An article published in The Atlantic in September 2018, written by Geoff Manaugh, pondered the question of dealing with crime on Mars. It was a thought provoking read, given the long time talk of establishing colonies on the red planet. But talk is easy. Mars is far from hospitable, and colonising the planet presents a raft of challenges, some of which may prove insurmountable.

But what happens, if one day in the future, we discover the means to cross the gulfs of interstellar space, and are able to establish colonies on planets we may find, that are somewhat more conducive to human habitation? The question of law enforcement is likely to be utmost on the minds of those organising such a gargantuan undertaking.
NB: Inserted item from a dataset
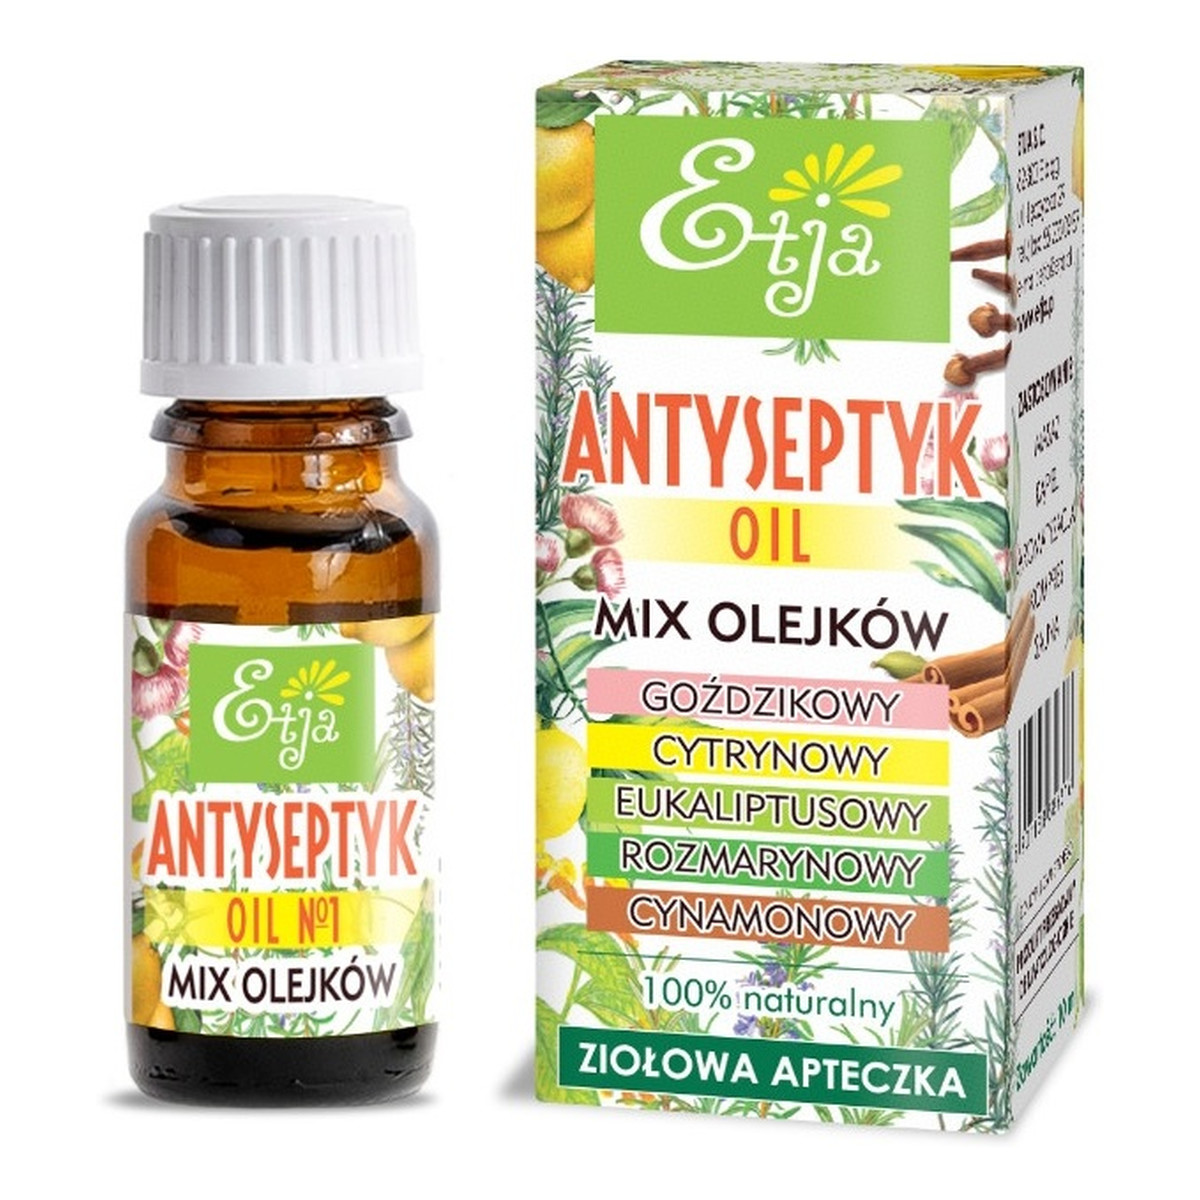 Etja Antyseptyk oil mix olejków 10ml

Crime beyond Earth is a theme central to Far from the Light of Heaven (published by Hachette Book Group, October 2021), the latest novel from British-born Yoruban doctor and novelist, Tade Thompson. Shell, the first mate of a vessel carrying one thousand colonists to a distant world, wakes from ten years in hibernation to discover some of the passengers have been murdered.

A puzzle to say the least, given everyone on board was asleep. Shell launches an investigation, but her work is cut out for her. Her captain, an artificial entity called Ragtime, who might know more than he lets on, is little help. Meanwhile menacing robots lurk in the shadows of the enormous vessel, which Shell cannot leave until she works out what happened.